An adage within the cybersecurity industry is that tools that are only available to the elite hacking teams of nation-state intelligence agencies today will be available to teenage script kiddies within five years. “Script Kiddie” is a derisive term to describe an individual who uses sophisticated scripts and applications developed by experts to attack information systems while having no real understanding of the underlying functionality of those tools. Put another way, a “script kiddie” is a “point and click” hacker.
Attack tools are increasingly sophisticated. These automated exploit tools are relatively straightforward to procure and take little in the way of expertise to use. Whereas in the past access to basic tools required gaining access to select communities on hidden bulletin boards or Internet Relay Chat (IRC) channels, today it doesn’t take an enthusiastic amateur more than a few minutes with the results of the right search engine queries to get started. Should they need to learn more about the tools they have acquired, there are hundreds of hours of video tutorials available on the web to assist them.
While sophisticated attack tools are available often for free, there is a paucity of similar tools available for defenders. While the process of launching a basic or even moderately complex attack against an organization’s information systems may be as simple as a mouse click, the defender’s process of securing the configuration of those information systems is manual, complex, lengthy, ongoing and requires a good deal of expertise.
Within the cybersecurity landscape, there is an asymmetry between attacker and defender.
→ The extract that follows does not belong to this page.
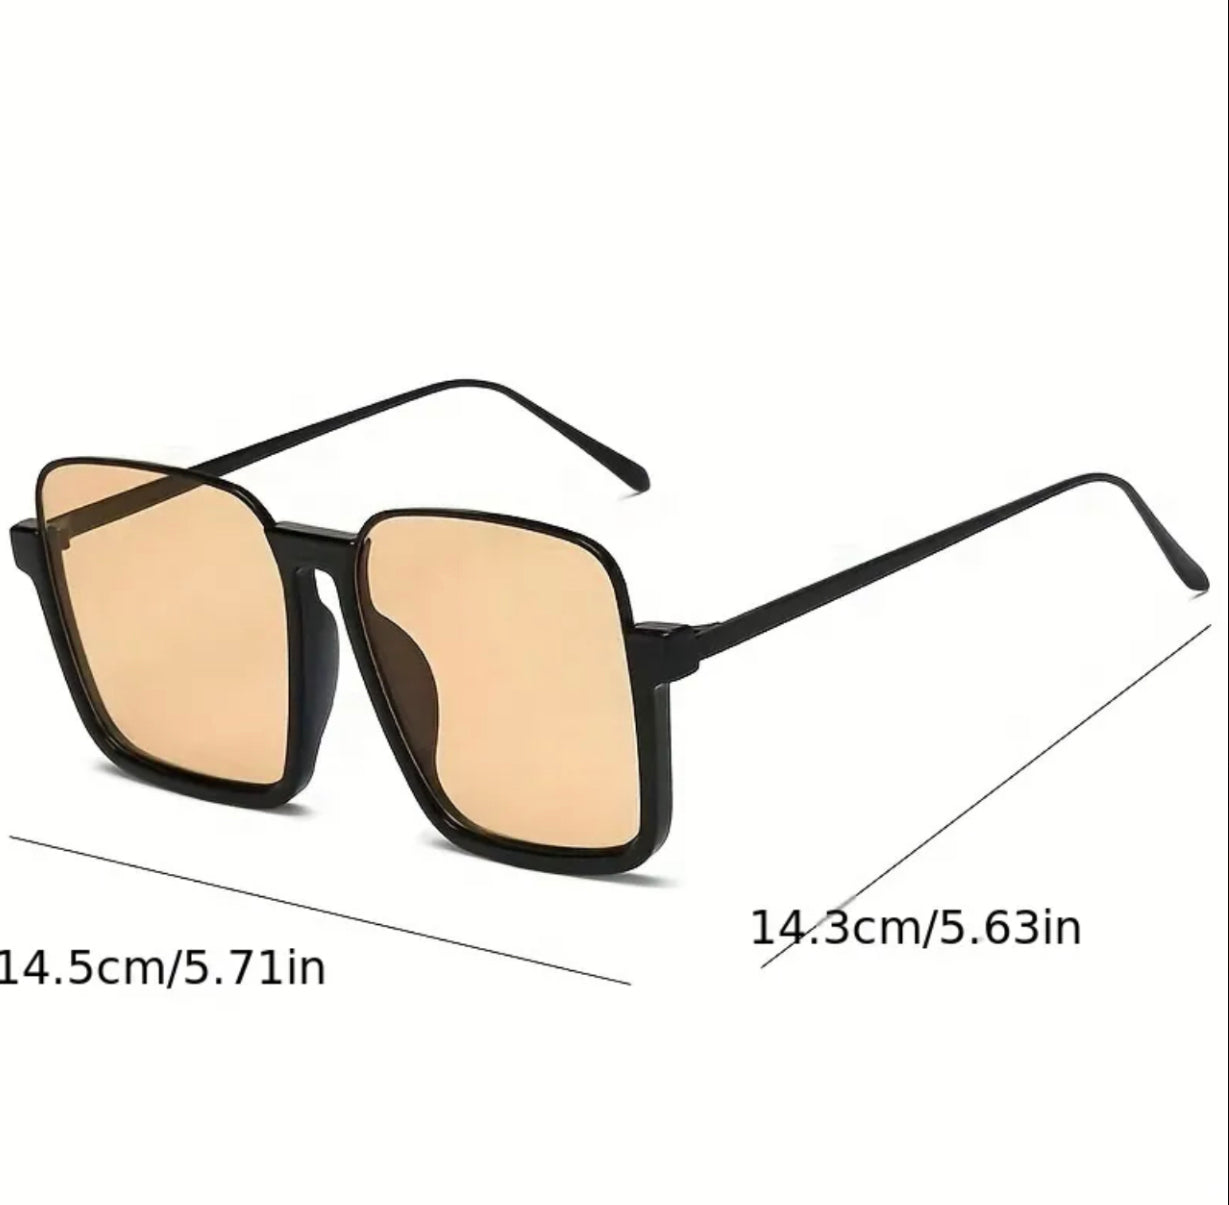 Retro Half-rim Sunglasses, Retro Large Lens Stylish UV Protection Outdoor Sunglasses, Women's Sunglasses

Asymmetric in that the resources required for an organization to be reasonably assured that they are protected from the vast majority of intrusions vastly exceed the resources required for a competent attacker to perform a successful intrusion.
One key understanding of the cybersecurity landscape is that the vast majority of attackers are unsophisticated and are using automated vulnerability scanners and exploit tools. Put another way, most attackers by volume are likely “script kiddies” rather than professional hackers. As the vulnerabilities those automated tools attempt to exploit are often already addressed by vendor updates, if an organization is diligent and applies consistent effort to its security posture, it will be able to protect its information systems against the common attacker.
Put another way, if you take an ongoing and systematic approach to secure your organization’s information systems, it’s reasonably unlikely that “script kiddies” will be able to compromise your system. A diligent well-resourced defender is likely to be protected against all but the most highly resourced and persistent attacker.
While there is an asymmetry in terms of the effort required to properly secure information systems, it is possible to reach a stage where your organization’s systems security posture is such that those systems are impervious to all but the most skilled and well-resourced attackers. With time and effort, you can protect yourself against the amateurs, who randomly attack organizations to see if they can get access. With greater time, effort, resources, and skill you’ll be able to protect your organization’s information systems against more competent attackers that deliberately target your organization.
The unfortunate reality is that even when organizations have highly skilled personnel, that personnel are rarely given the necessary amount of time and resources to ensure that the organization’s information systems are configured in the most secure manner possible. The existing problem of asymmetry between attacker and defender is made worse by organizations not giving their defenders the resources they need to do their job.